* TRY IT
Exclude the pictures. Transcribe exactly, and only, the lines from the one holding "EREDMÉNYHIRDETÉS – HÓNAP" to the end of the material below.

* DATASET CONTENT
● ● ● ● ● ● ●
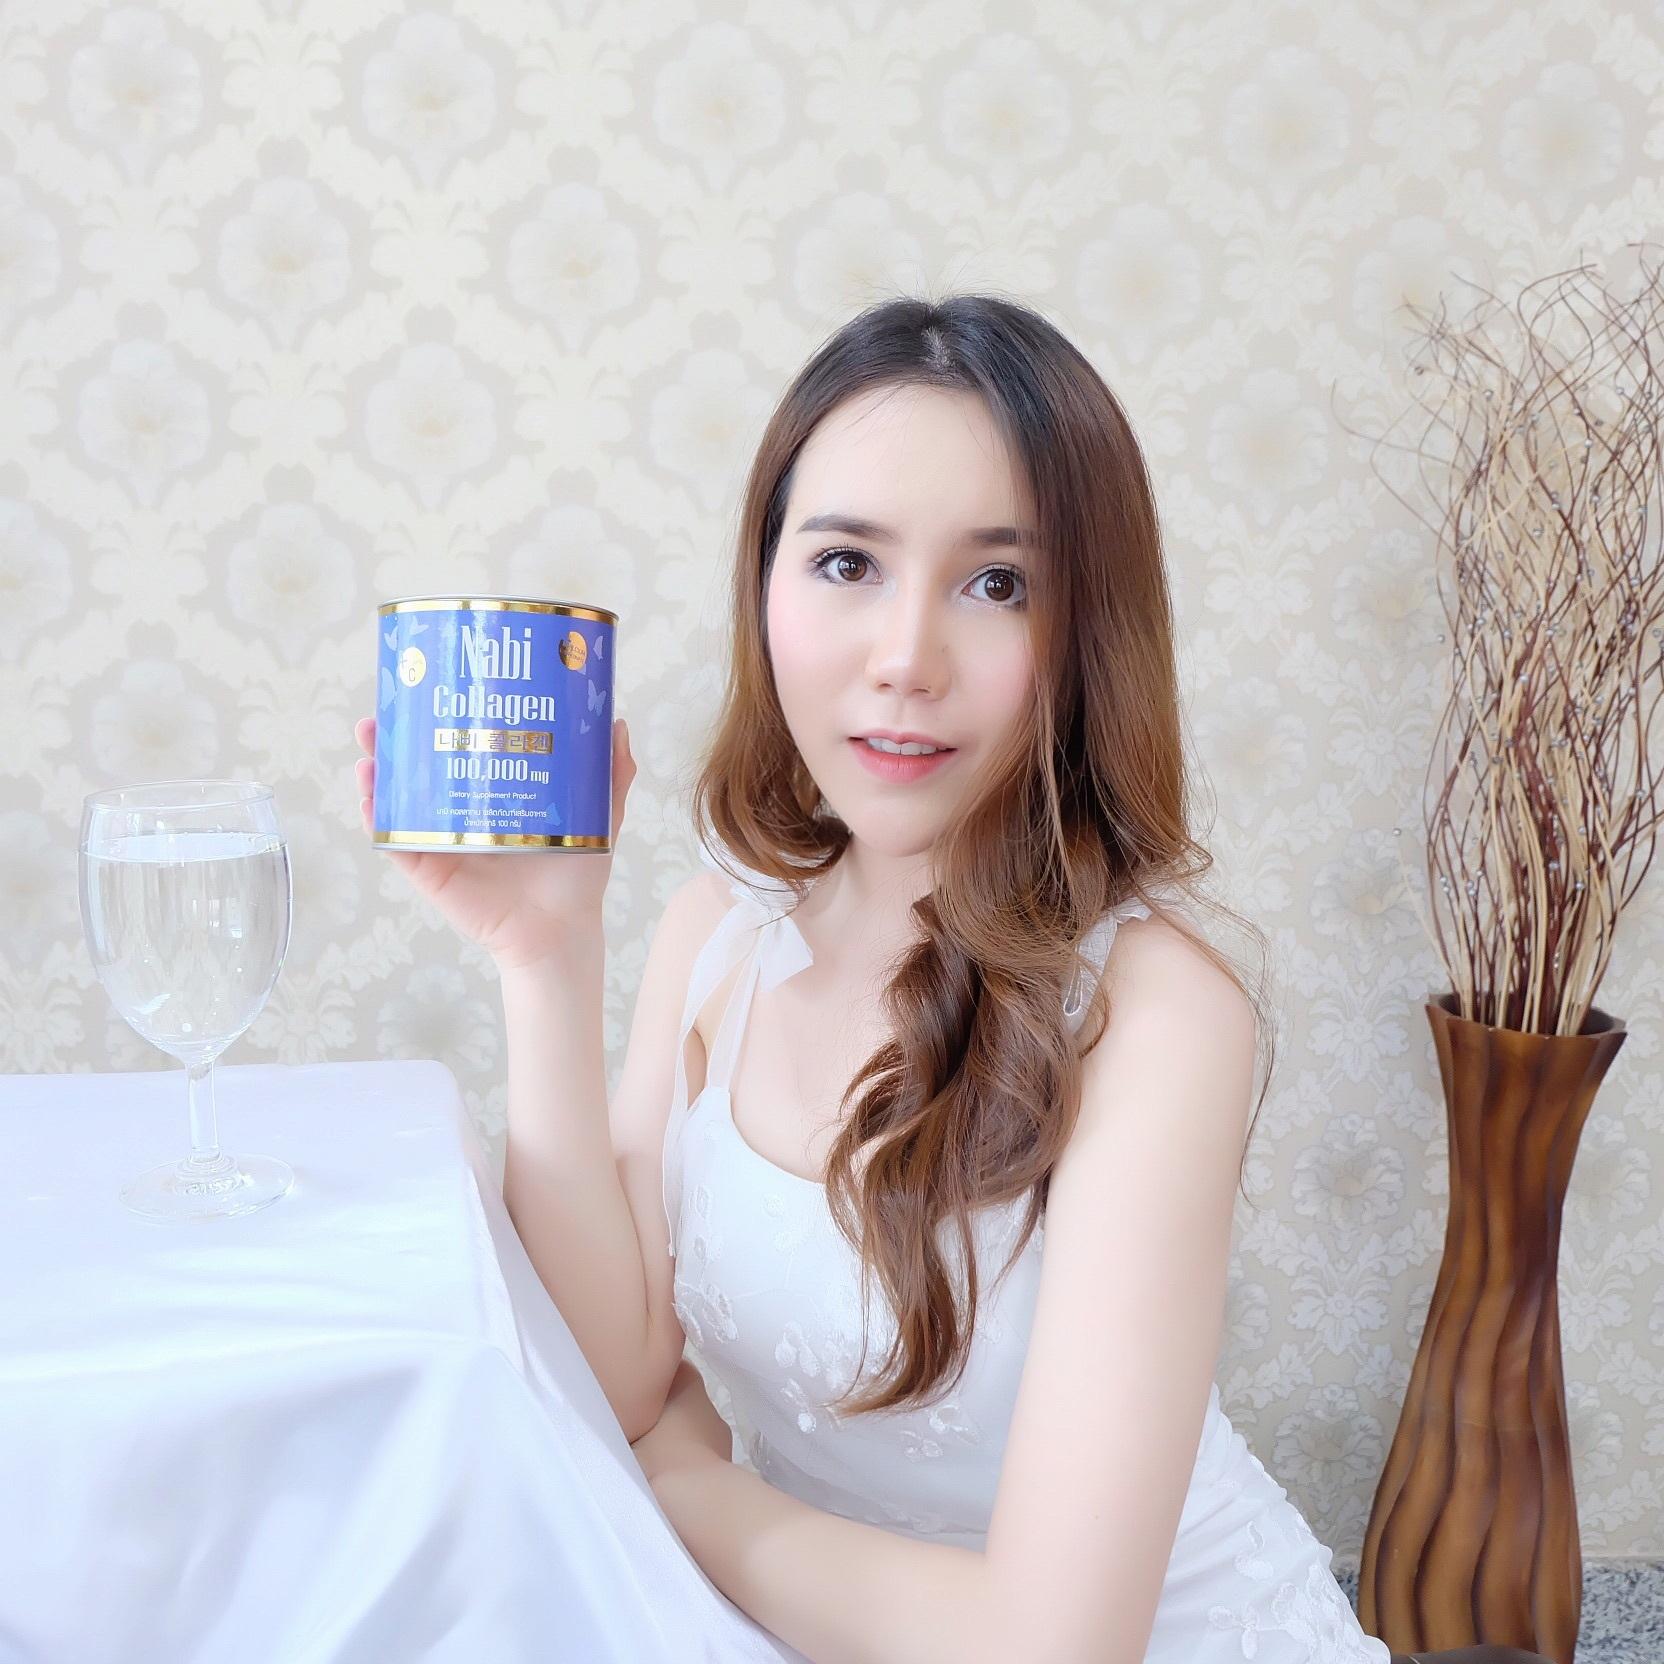 กิน Nabi Collagen ได้ผลดีไหม
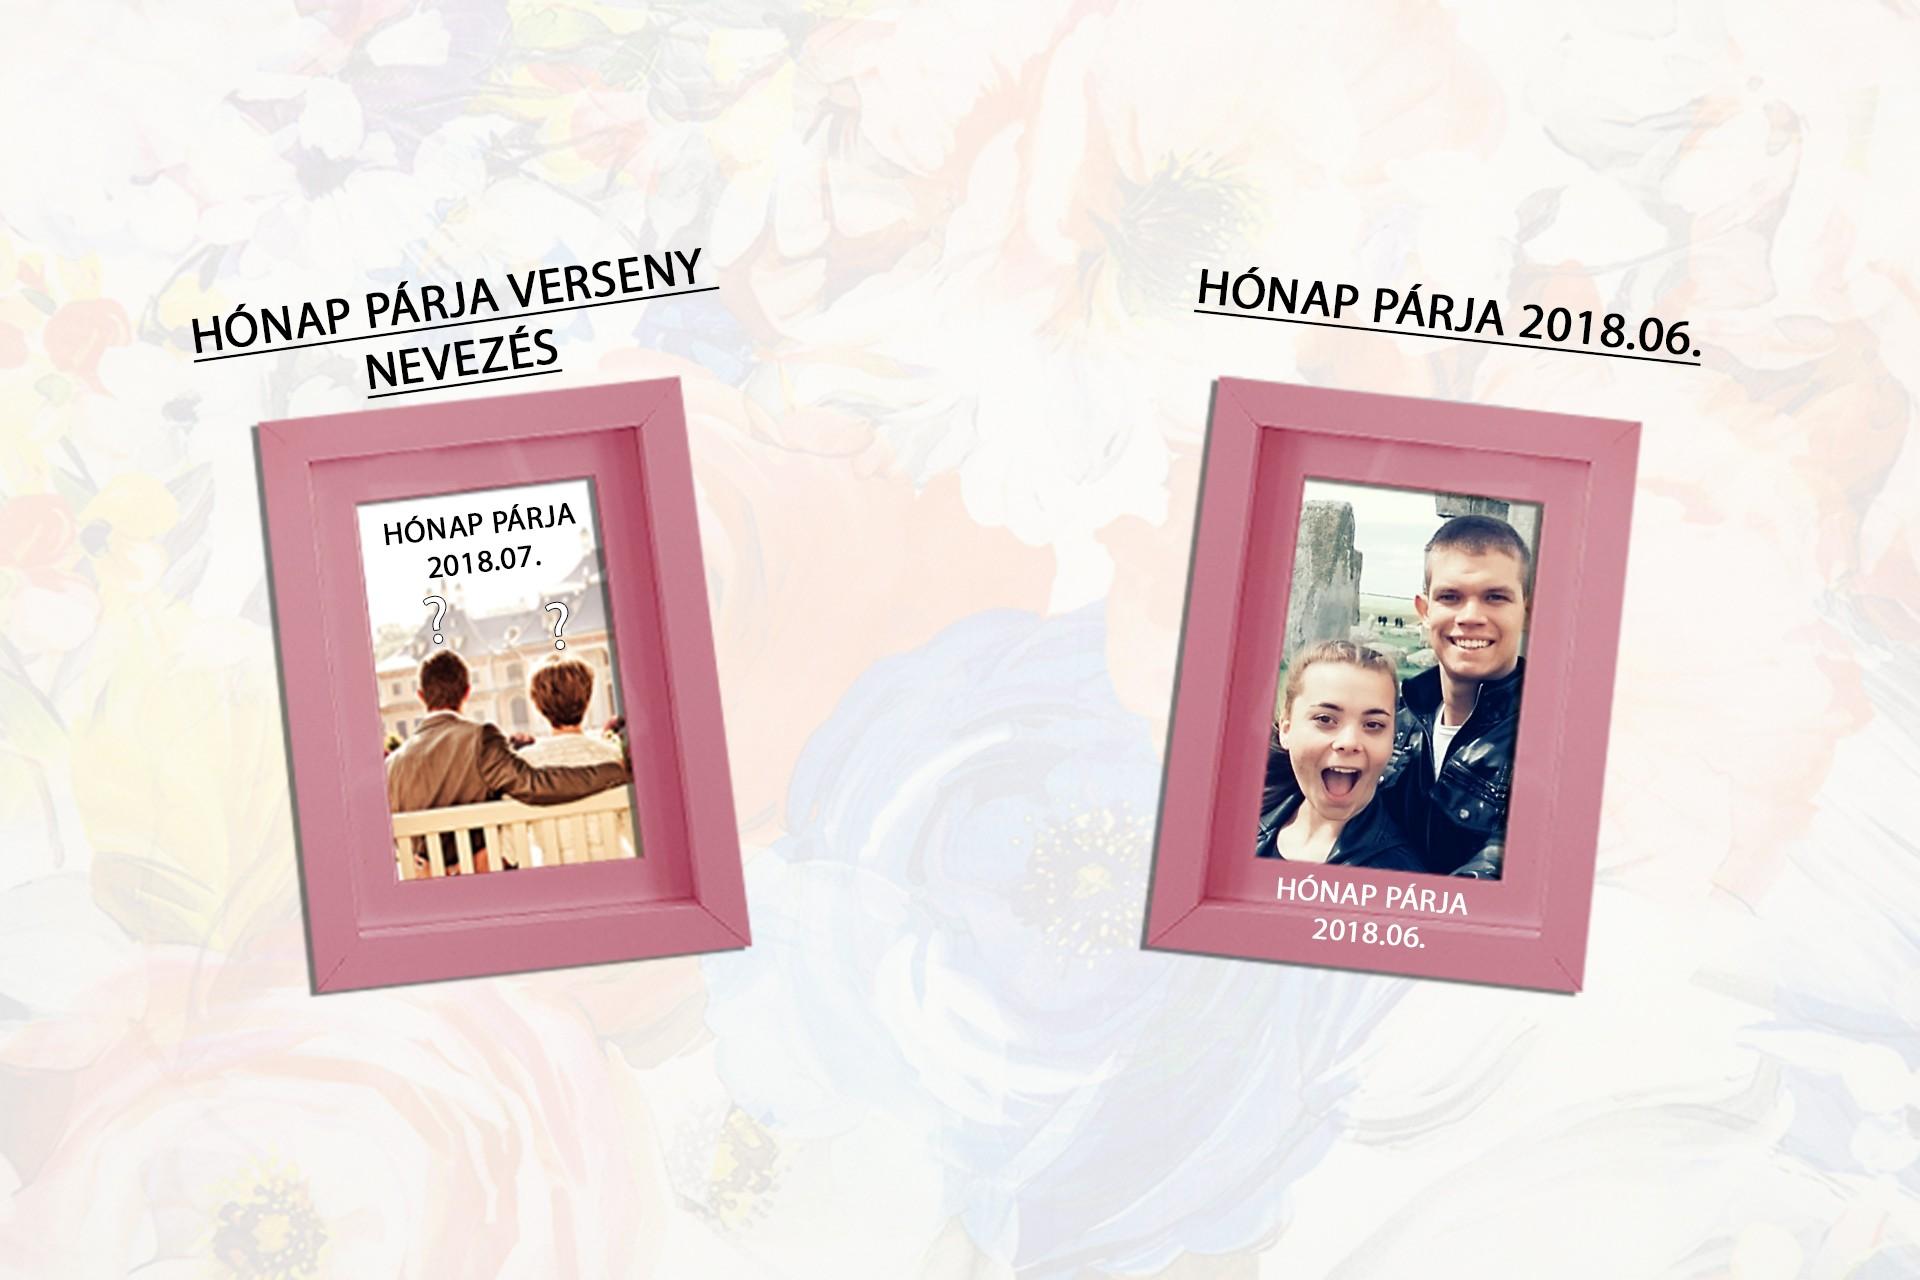 EREDMÉNYHIRDETÉS – HÓNAP PÁRJA VERSENY 2018 JÚNIUS
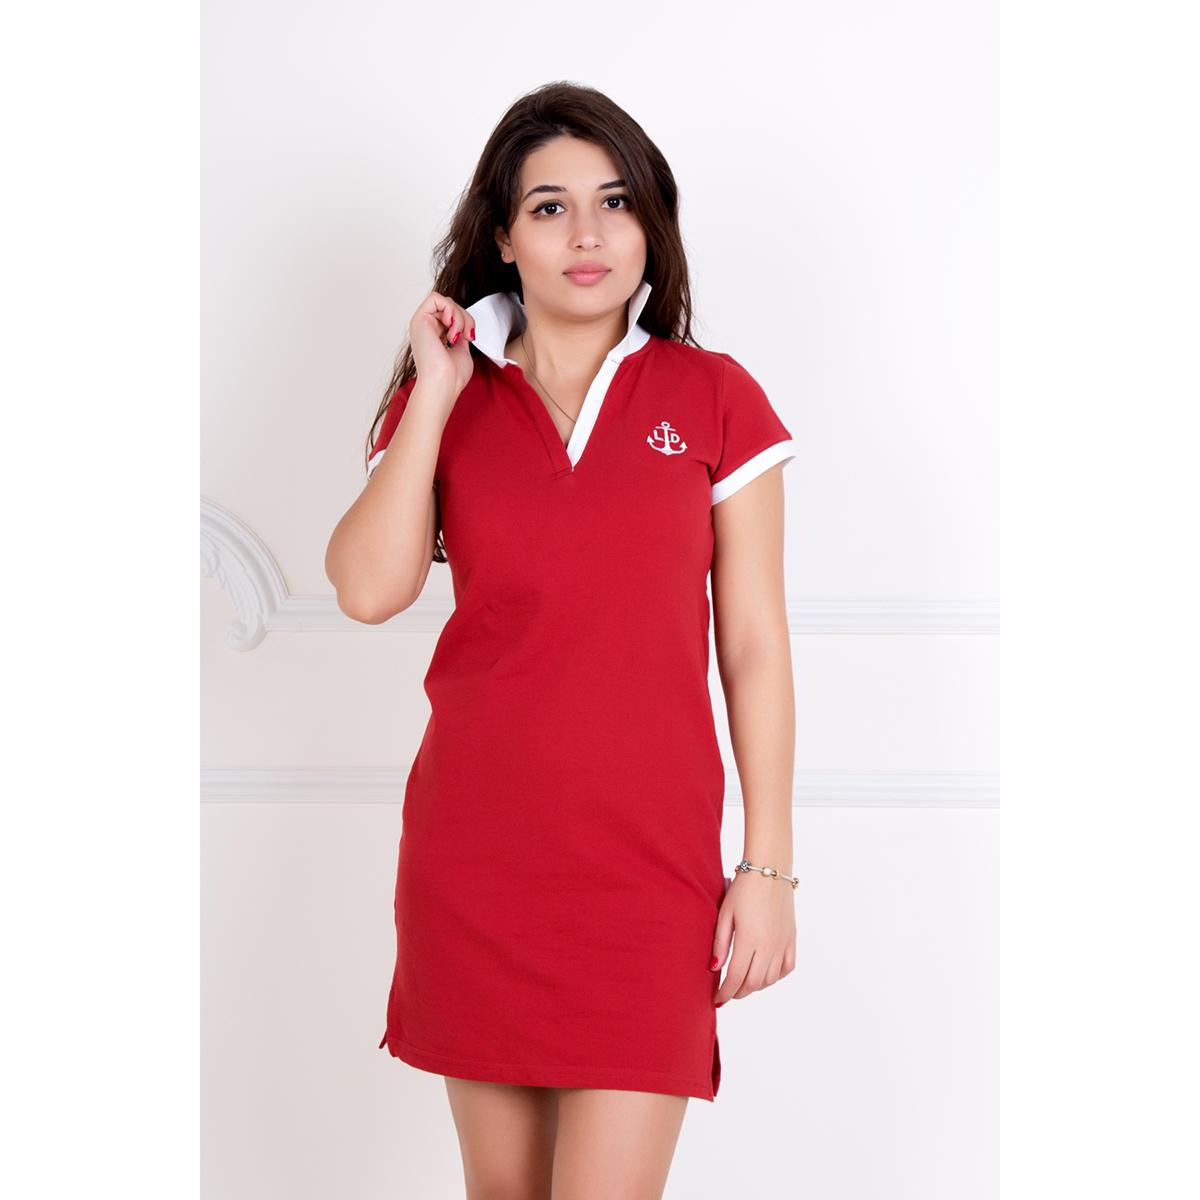 Женское платье Поло Красный, размер 44Платья<br>Обхват груди:88 см<br>Обхват талии:68 см<br>Обхват бедер:96 см<br>Длина по спинке:93 см<br>Рост:167 см<br><br>Тип: Жен. платье<br>Размер: 44<br>Материал: Пике
● ● ● ● ● ● ●
* SOLUTION TO THIS PROBLEM
 EREDMÉNYHIRDETÉS – HÓNAP PÁRJA VERSENY 2018 JÚNIUS
 Женское платье Поло Красный, размер 44Платья<br>Обхват груди:88 см<br>Обхват талии:68 см<br>Обхват бедер:96 см<br>Длина по спинке:93 см<br>Рост:167 см<br><br>Тип: Жен. платье<br>Размер: 44<br>Материал: Пике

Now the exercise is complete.